# Blaupunkt reversing camera on Swift Voyager not working



## cole (Aug 5, 2007)

We have a Blaupunkt sat nav/reversing camera which usually comes on automatically when you go into reverse gear. All of a sudden it dosn't come on now. It looks like it tries to, but dosn't quite manage it. Has anyone else suffered with the same problem? We have checked the connections..


----------



## philoaks (Sep 2, 2008)

The reverse camera is switched on by the same supply that runs the reversing lights so the first thing to check is whether your reversing lights are working. If not then you need to find out why not (fuse/switch etc).

If the lights are ok then it sounds like the EM module could be playing up. On the top of passenger side of the dash is a storage pocket. The inner part of this pocket can be removed by undoing the 4 torx screws that hold it in place. If you remove the pocket you should be able to see the EM module. It's a small aluminium box, about the size of a large box of matches.

There are a number of cables going into the module. One is a single lead with an s video connection, this comes from the camera. Then there is a cable that splits into 3 separate phono type connectors. This is the feed to the Lucca Travelpilot.

Finally there is a plug in connector with 3 wires in it. Two of them are the live and earth to feed the EM module and the third is an orange wire. This is the feed from the reversing lights. If you can put a meter onto this cable with the ignition on and the van in reverse then you should read 12v on it. If not then to prove everything else works you could run a temporary 12v feed directly into the EM module to see if that switches the picture on. You also need to check if the live feed is ok into the EM module (can't remember which colour wire it is) but from memory that is on a different fuse to the reversing lights. It's just a process of elimination to try and work out what's gone wrong.

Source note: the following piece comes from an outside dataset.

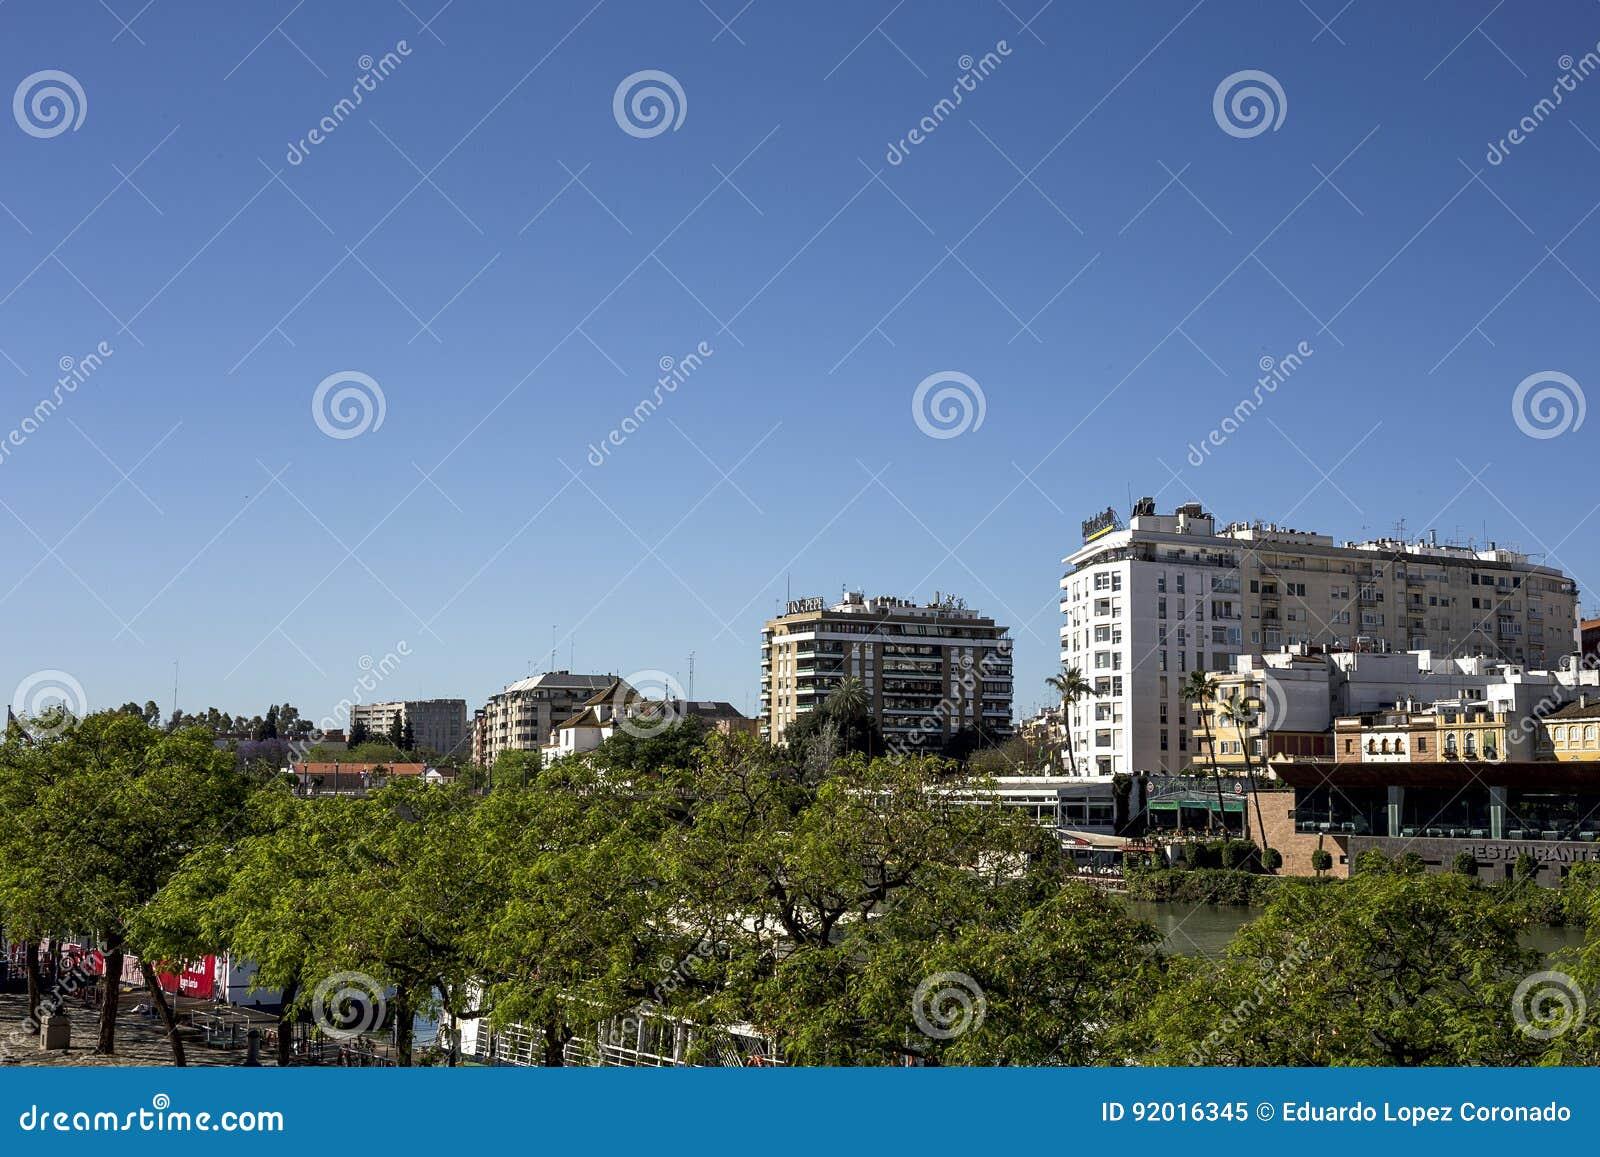 Calles y esquinas de Sevilla andalusia españa

If your van is still under warranty then it may be easier to let the dealer sort it!


----------



## DustyR (Jan 26, 2009)

I had problem with my Blaupunkt satnav/reversing camera when it appeared to just not work when reverse selected, I spent a long time checking all connections which all appeared ok, and then I read in my Swift handbook that the reverse camera picture only comes on when using a navigation map facility. I cant quite see what different it should make, but it worked for me. I do not often use the satnav and just had the unit switched on and it did'nt work but when I went to the navigation page up came the picture!


----------